The day finally began when I went over to Ali's house for the afternoon not knowing I would be there as long as I was. when arriving at their house which is practically another home to me I was introduced to 2 lizards and a hamster. At first I was just a lil frightened of the lizard but quickly overcame that because I knew they couldn't hurt me. While there we chatted about the polish and at the dinner table they were making fun of them! I didn't quite follow what about exactly but i know they were making fun of them. sigh.. Poor Dolly.. After dinner while getting photos taken Matt explained to me a little bit why they make fun of the Polish of all people. It was sad really.. I told him that because he didn't know that my bestest friend was polish i wouldn't taking it affensively, or at least as affensively.. while that was going on their dad had to leave because of a car accident. He works for the fire station I believe. Most of the afternoon unil late evening, 8 or so, I played with Ali's hair and attemped to organize matthew things as well as give attention to Rachel. Rachel is 11 and is matt's lil sis whom I love to pieces!! Rachel and I have a new inside joke too now! I then spent some time with Matt as well as Rachel and had like a gizzilion pictures taken of me for school and b/s supposedly. We just hung out for the evening until Ali had a meeting then we tried to stay quiet upstairs. Matt had then found out how ticklish i am and tickled me to death! I must admit I had fun. I can honestly say it's the most fun I had since last summer..
With that, I am praying for Dolly as well as camp to work this misunderstanding out. I think i have finally stopped crying for now but only because i'm trying to do something about all this myself... I finally got it into my head that this is real and it has happened. All day long I've been in hope to see a new poem posted so I would see Dolly online. If I could I'd just give her one great big hug! after another and another!

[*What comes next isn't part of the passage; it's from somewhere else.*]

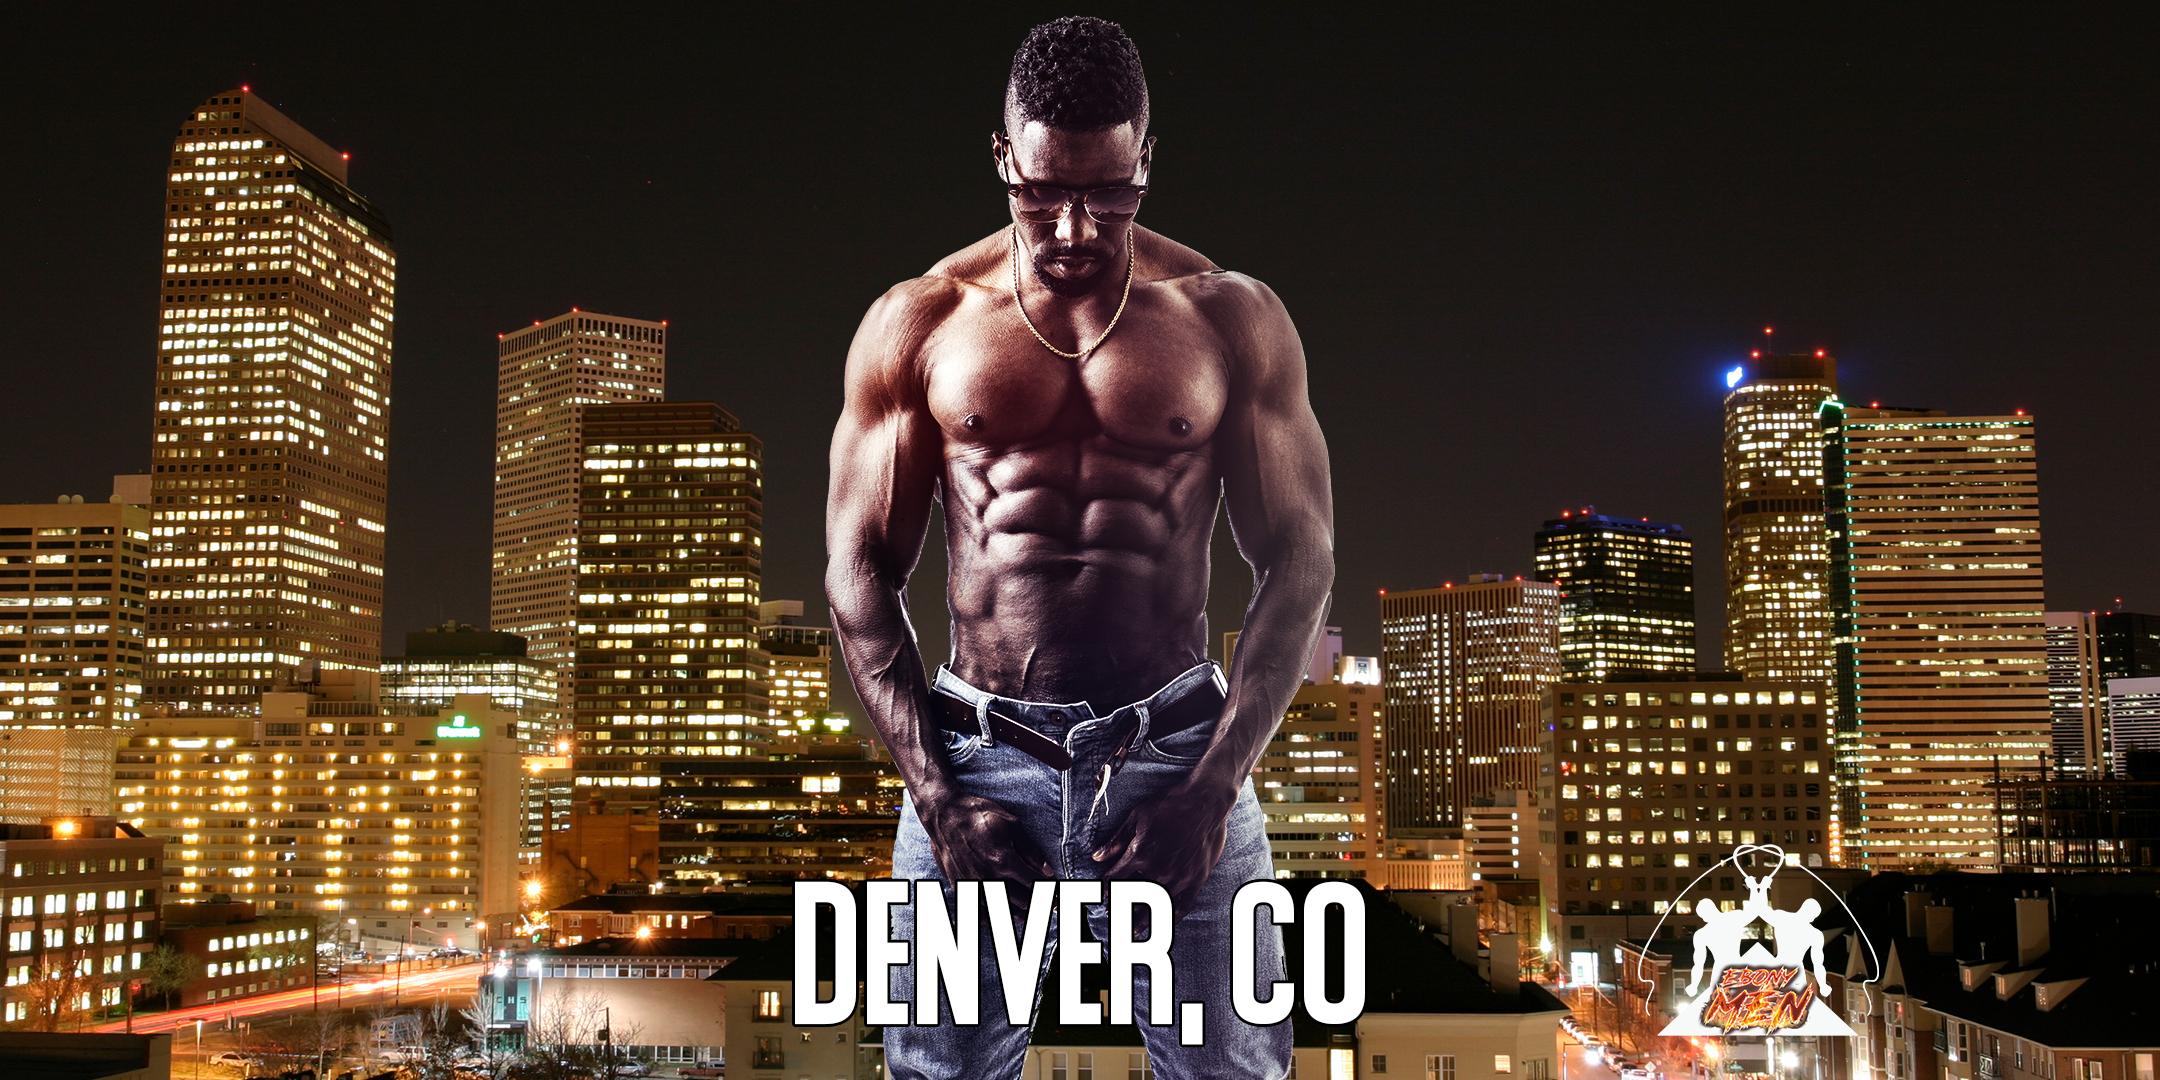 Ebony Men Black Male Revue Strip Clubs & Black Male Strippers Denver, CO 8-10PM

Doll I miss u...sigh.. Ya know I'm here for you in anyway you need me. I'm here too if u just need a shoulder to cry on or lots of love to be given!There isn't much I can do because you are soo far away but I am here just give me a holla. I await to see a Dorota on my messanger every morning and evening. Please do not let LLC to discourage you. You are in no way a "bad" person! Just to remind you!! I can't imagine what you must be experiencing.. I pray God will give you strength. Love you lots and always! muah!